When the population size is increased, then the best optimal thresholds are obtained with minimal fitness value. The determination of optimal thresholds will take more time in sequential environment. To enable the algorithms to work on real-time imaging applications, the proposed methods are executed in parallel environment. The execution time of proposed parallel methods is found out and tabulated in Tables 4 and 5. It is inferred from the tables that the execution time of parallel versions of GA, PSO and hybrid methods is less than their sequential versions.

Table 4 Fitness and execution time of proposed OTS methods using GA and PSO for different population size in sequential and parallel environment
Table 5 Fitness and execution time of proposed OTS methods using hybrid GA and PSO for different population size in sequential and parallel environment

The objective measures such as fitness value and execution time of the proposed methods are compared with the existing methods such as Otsu and Kapur.

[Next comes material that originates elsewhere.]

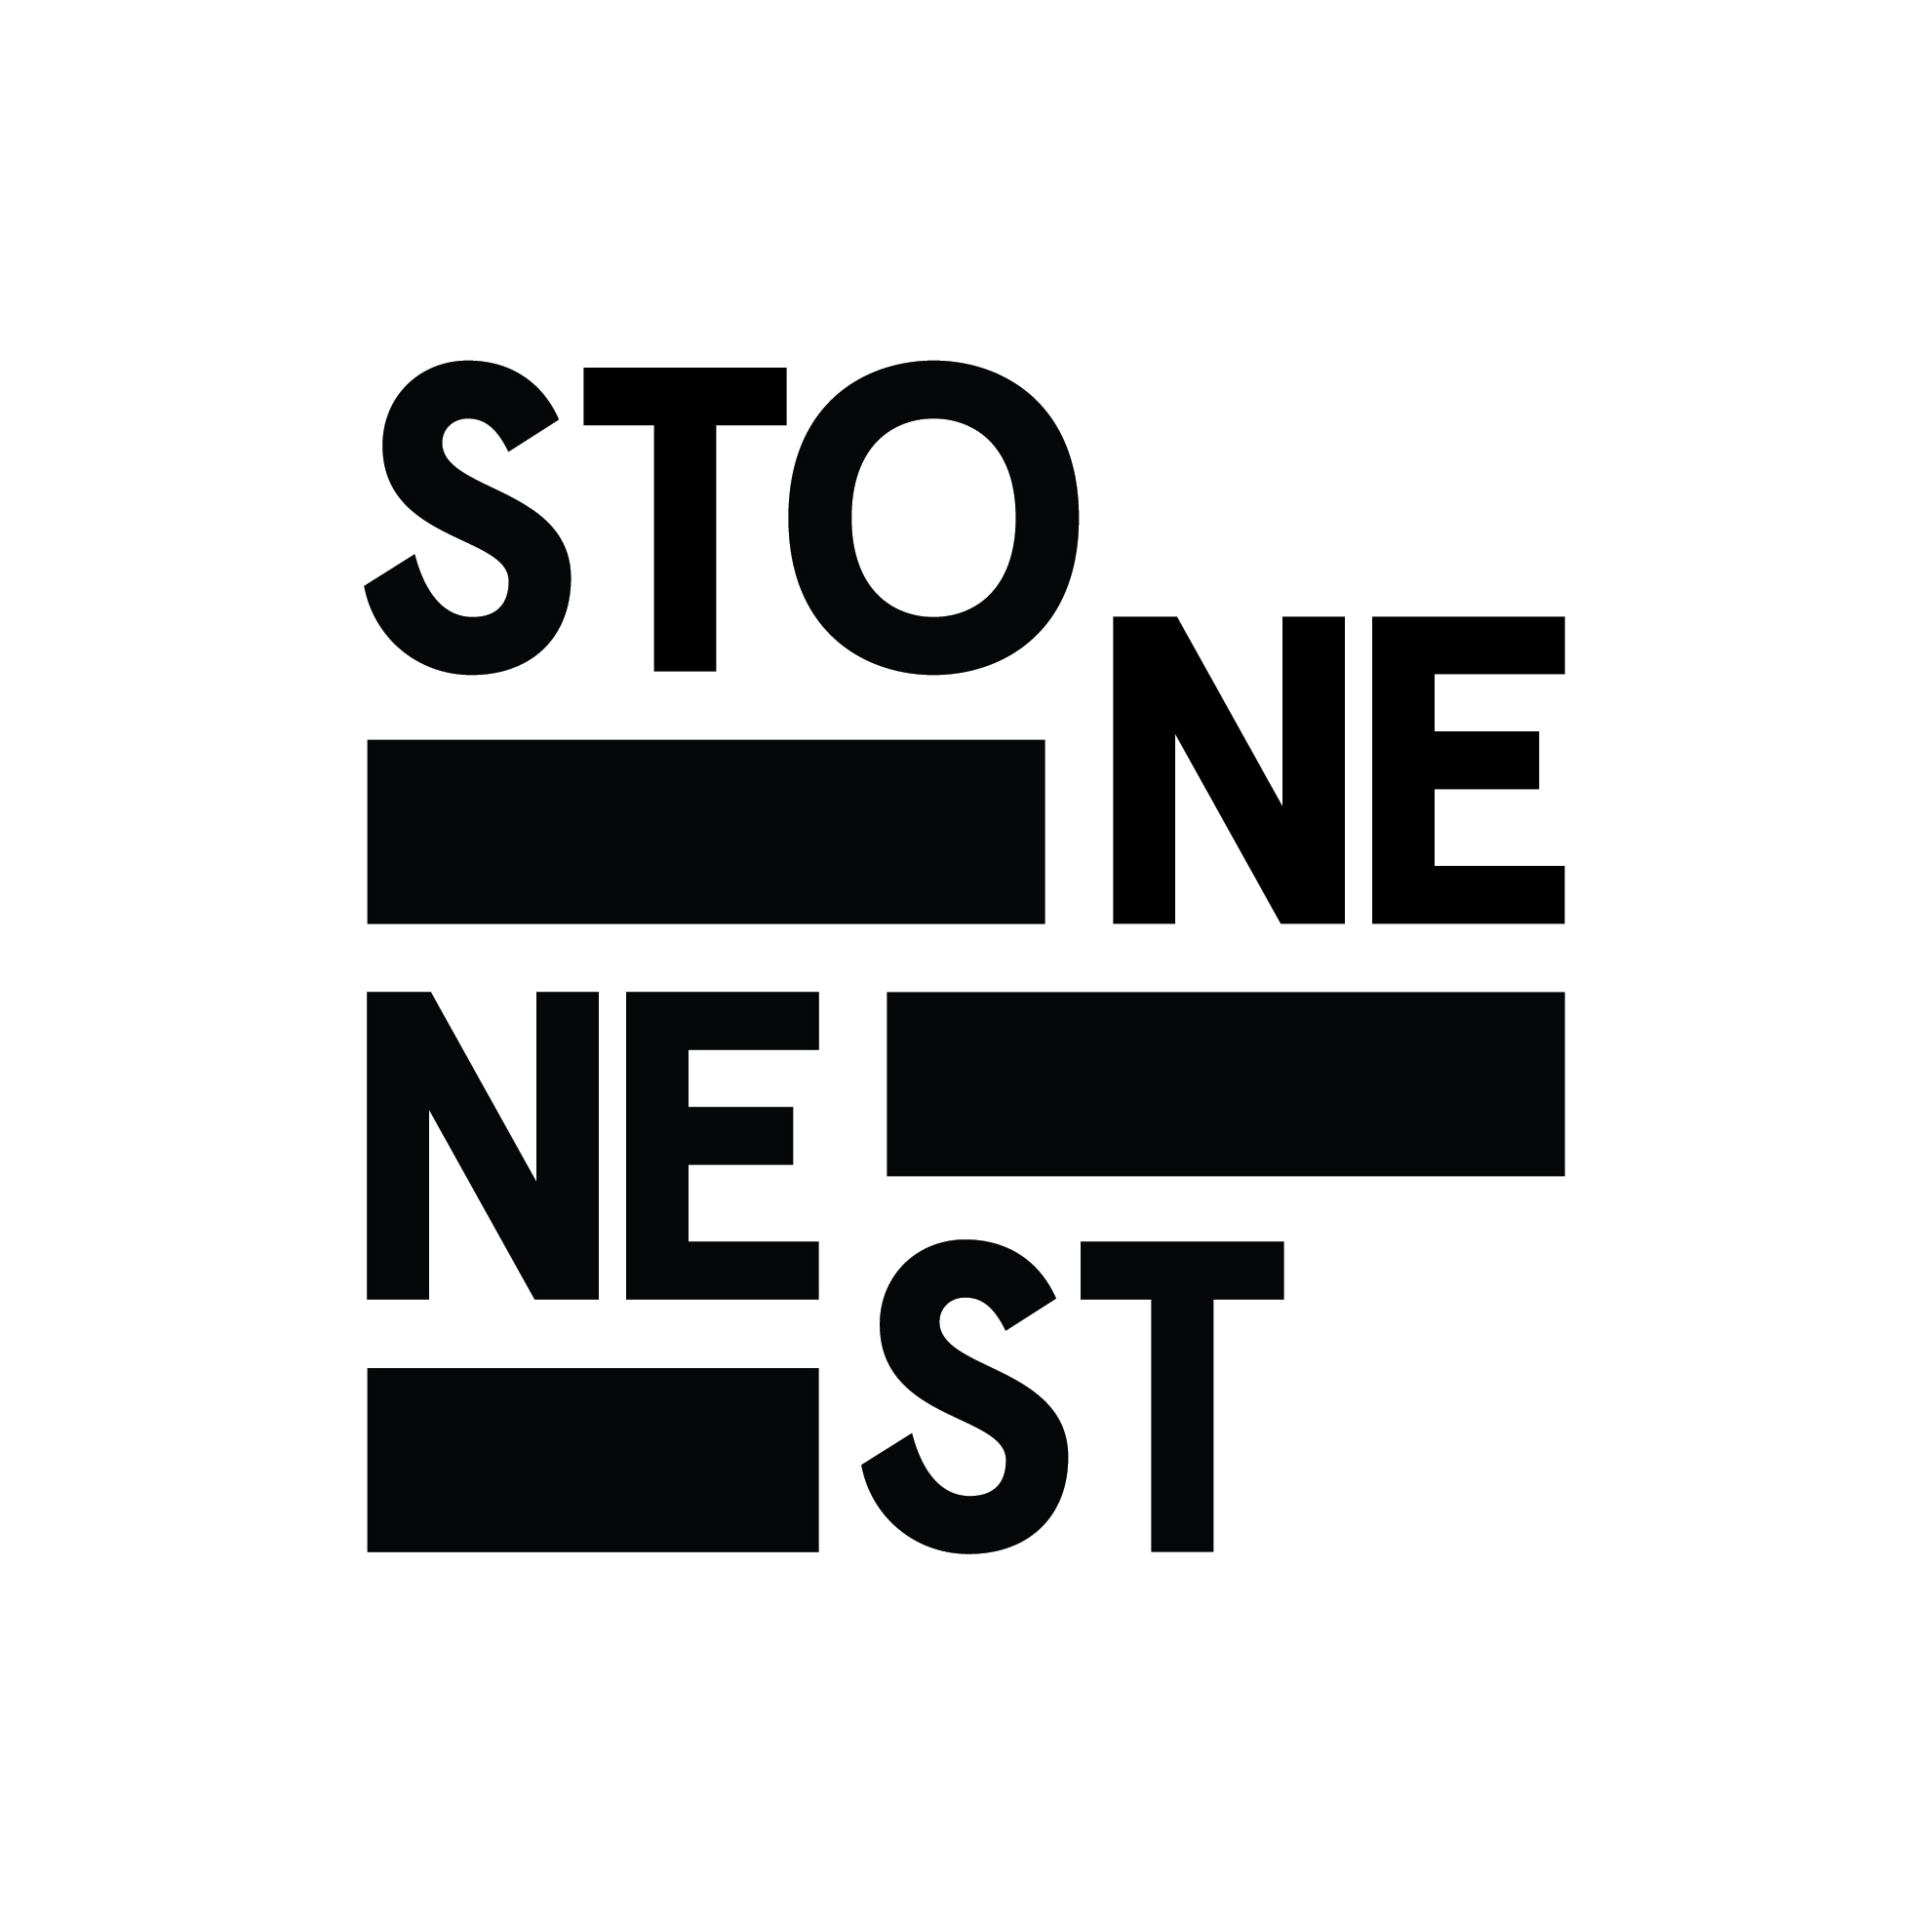 Stone Nest logo

The results are tabulated in Table 6. From the analysis, it is observed that the proposed methods take lesser fitness value and execution time. For the input image of Fig. 5a, the resultant threshold values for the proposed methods are shown in Table 7 for 50 runs of execution.

Table 6 Comparison of fitness value and execution time of the proposed methods with existing methods
Table 7 Optimal threshold values for proposed methods

5 Conclusion

In this paper, the multilevel thresholding problem is solved using GA, PSO and hybrid optimization techniques to get optimal thresholds which are required for real-time imaging applications. The proposed algorithms are implemented in sequential and parallel environments. They are efficient and faster when compared with the existing methods such as Otsu, Kapur methods. It is evident from the experimental results that the proposed HPPSO method gives the best set of optimal threshold values among all other proposed methods. Hence, it is well suited for all types of image and video applications.